I cannot refrain from smiling at the liberality of the gentleman, in giving Canada to New York, in order to strengthen the northern balance of power; while, at the same time, he forewarns her, that the western scale must preponderate. I can almost fancy that I see the capitol in motion towards the falls of Ohio; after a short sojourn, taking its flight to the Mississippi, and finally alighting on Darien; which, when the gentleman's dreams are realized, will be a most eligible seat of government for the new republic (or empire) of the two Americas! But it seems, that

"in 1808 we talked and acted foolishly," and to give some color of consistency to that folly, we must now commit a greater. Really I cannot conceive of a weaker reason, offered in support of a present measure, than the justification of a former folly. I hope we shall act a wise part; take warning by our follies, since we have become sensible of them, and resolve to talk and act foolishly no more. It is, indeed, high time to give over such preposterous language and proceedings. This war of conquest—a war for the acquisition of territory and subjects-is to be a new commentary on the doctrine, that republicans are destitute of ambition; that they are addicted to peace, wedded to the happiness and safety of the great body of their people. But, it seems, this is to be a holiday campaign; there is to be no expense of blood or treasure on our part; Canada is to conquer herself; she is to be subdued by the principles of fraternity! The people of that country are first to be seduced from their allegiance, and converted into traitors, as preparatory to making them good citizens! Although I must acknowledge, that some of our flaming patriots were thus manufactured, I do not think the process would hold good with a whole community. It is a dangerous experiment. We are to succeed in the French mode, by the system of fraternization-alt is French! But how dreadfully it might be retorted on the southern and western slave-holding states. I detest this subornation of treason. No; if we must have them, let them fall by the valor of our arms; by fair, legitimate conquest; not become the victims of treacherous seduction.
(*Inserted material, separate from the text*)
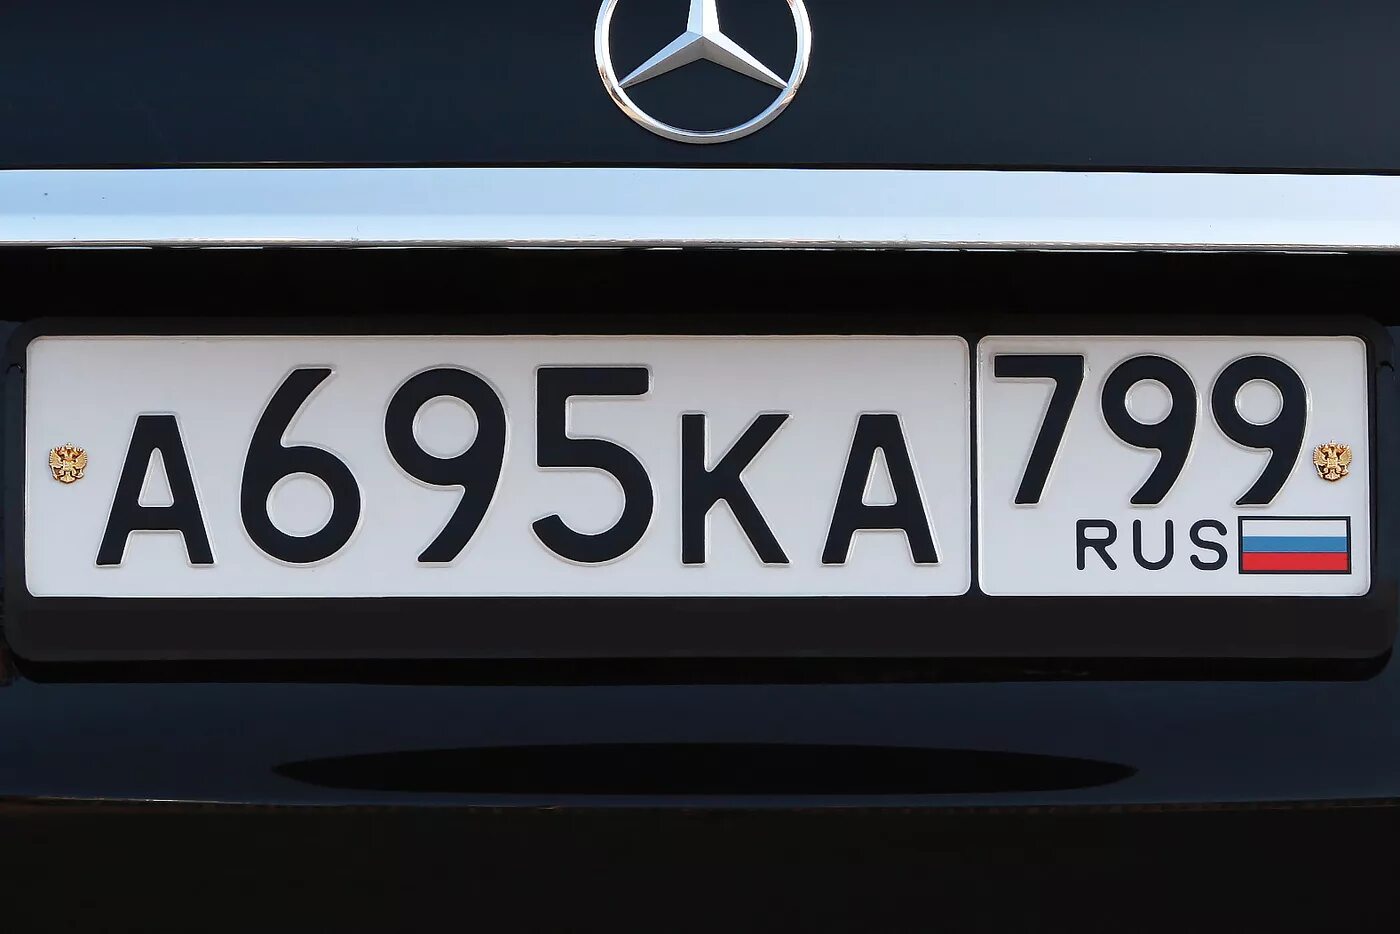 Автомобильный номер. Автомобильный номерной знак. Госномер автомобиля. Российские автомобильные номера. Nomer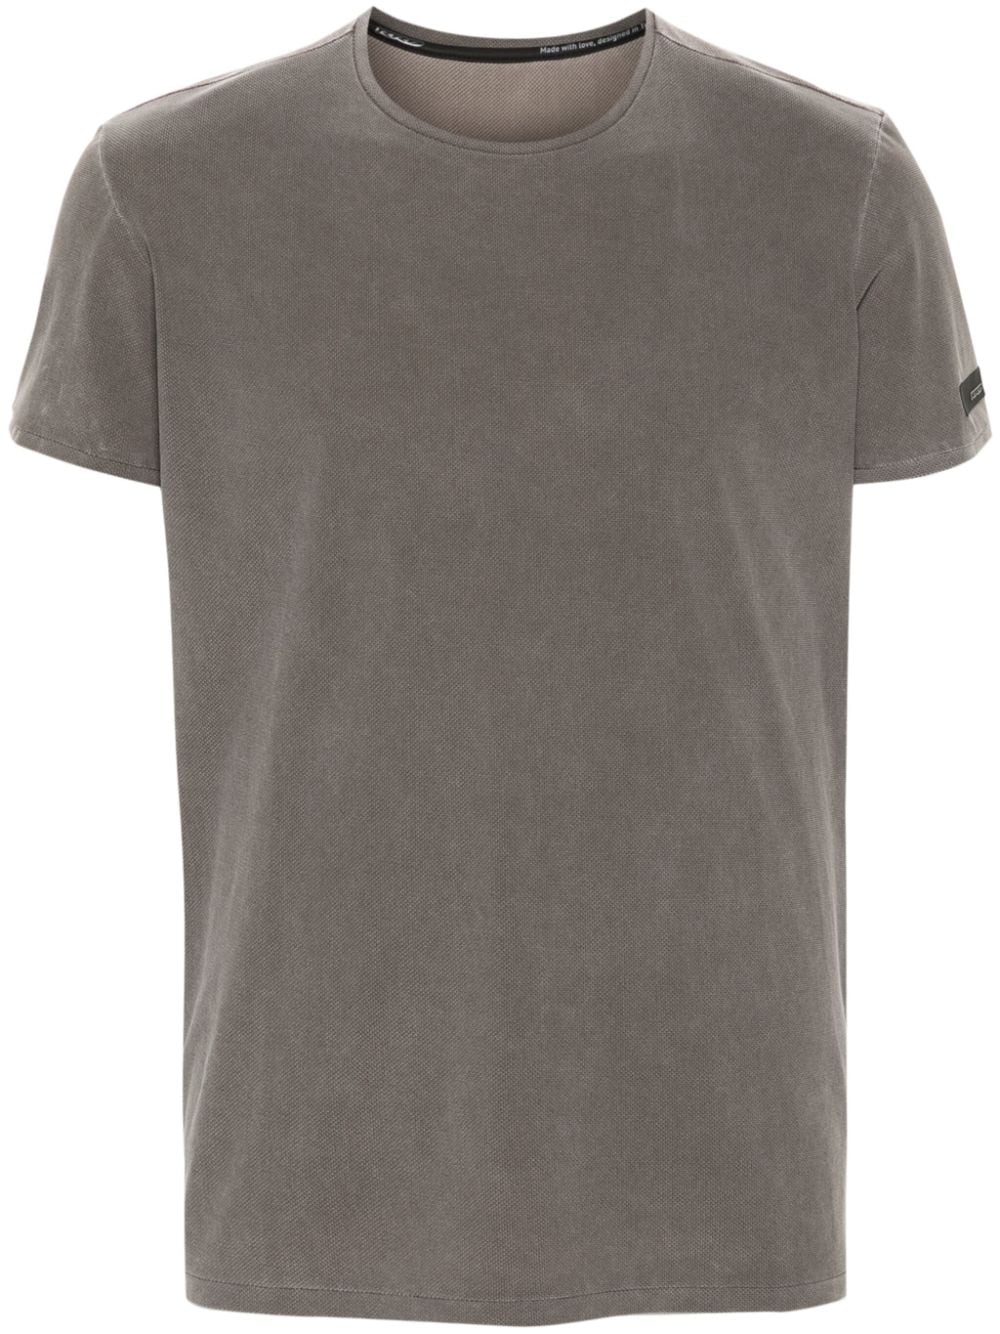 piqué-weave T-shirt

I am not surprised at the war-spirit which is manifesting itself in gentlemen from the south. In the year 1805-6, in a struggle for the carrying trade of belligerent-colonial produce, this country was most unwisely brought into collision with the great powers of Europe. By a series of most impolitic and ruinous measures, utterly incomprehensible to every rational, sober-minded man, the southern planters, by their own votes, have succeeded in knocking down the price of cotton to seven cents, and of tobacco (a few choice crops excepted) to nothing; and in raising the price of blankets (of which a few would not be amiss in a Canadian campaign), coarse woollens, and every article of first necessity, three or four hundred per centum. And now, that, by our own acts, we have brought ourselves into this unprecedented condition, we must get out of it in any way, but by an acknowledgment of our own want of wisdom and forecast. But is war the true remedy? Who will profit by it? Speculators; a few lucky merchants, who draw prizes in the lottery; commissaries and contracters. Who must suffer by it? The people. It is their blood, their taxes, that must flow to support it.